Translators live in the most far flung places. Often it’s hard to communicate with them in real time, due to big time zone differences. Also, some translators, while they may translate from English, do not always speak or write it very well. That can lead to communication problems, misunderstandings and a bottleneck in the workflow. An agency can offer a dedicated project and account manager whose sole job it is to make sure your projects are delivered on time and your scope is met. Sometimes a freelancer has to drop out of a project (we actually had one die during a project!). An agency can shift gears when needed without clients having to worry.

Reason #4: Multiple Services May Be Needed

Many “translation” projects today require more, non-translation services that a freelance translator cannot or will not provide. Gone are the days when all projects were simple Word documents that could easily be translated and returned to a client. The Internet, software and other technologies are changing at breakneck speed. Translated content is now delivered online, via mobile apps and advanced learning management systems. Language service providers have teams of proofreaders, voiceover talents, typesetting experts and engineering teams that can assemble all translation assets into the high quality, tested, final deliverables that clients need.

Reason #5: Rigorous Qualification Process

There are literally hundreds of thousands of translators and bilingual people advertising themselves as translators out there. So how do you know if you are working with a quality translator? It can be hard to tell. Online reviews, self-promotion and friend references can be deceiving. Finding out too late that a translator is bad can do a lot of damage to a company’s image. A good, professional agency will have a tried-and-true vetting process, which includes rigorous testing in specific subject matter areas, to ensure quality and competency.

Reason #6: Errors & Omissions Insurance

Let’s face it, no solution is perfect. In an industry where the main activity is so subjective, mistakes are inevitable. When something does go awry, what is the response? Most credible translation agencies carry errors & omissions (E&O) and professional liability insurance. Claims are rare, given the vetting and quality checks in place at a good agency, but such insurance adds another layer of comfort and protection for the agency’s clients.

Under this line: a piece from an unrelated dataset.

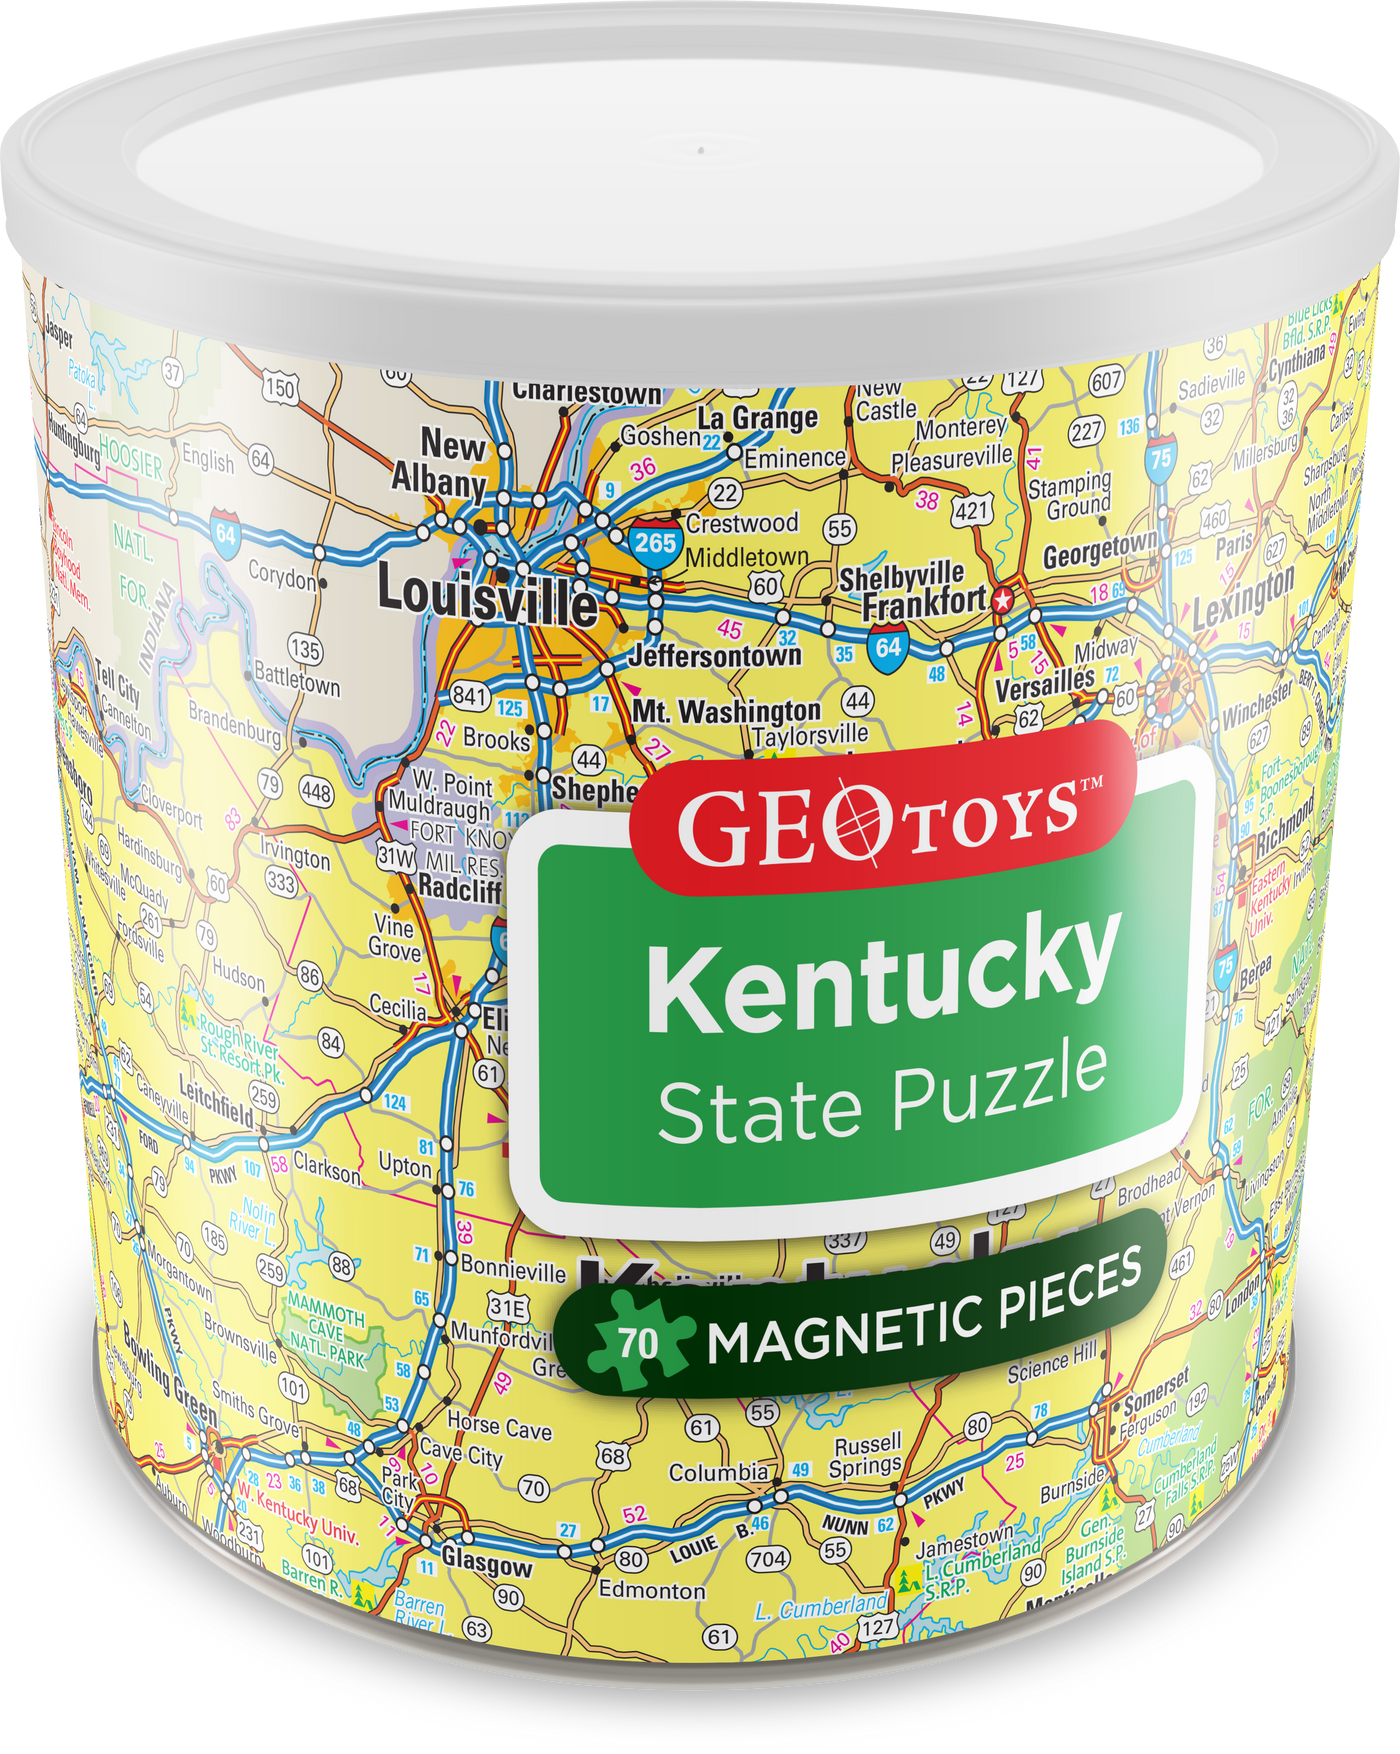 70 Piece Magnetic Puzzle - Kentucky

Reason #7: Your Employees Were Hired to Do Other Things

It sounds straightforward, right? Any bilingual person can translate anything. Wrong. Translation is an art and science. It takes years to master and, on top of that, no one can understand every subject matter thoroughly enough to craft a quality, competent translation. In fact, professional translators will turn down a project if they feel they don’t possess the necessary expertise of level of understanding to do just that. Any translator who says, “I can translate ANY subject” doesn’t get very far with our firm. We respect translators who turn down projects based on the subject matter, because it demonstrates, even if subtly, their knowledge of what it takes to do a job right. By dumping a translation project off on your in-house project manager or accountant, because they speak Spanish, you not only run the risk of getting poor translations, you take them away from the job they were hired to do. You wouldn’t hire a professional translator to prepare your taxes, why let your team accountant work  on your very important corporate messaging?

Summary

There are pros and cons to working with freelancers and agencies alike. Freelancers play an important role in the translation industry, and for some, they are a good fit. Those looking more for a turnkey process, a wider range of service offerings and extra peace of mind might find working with a professional translation agency a better way to go.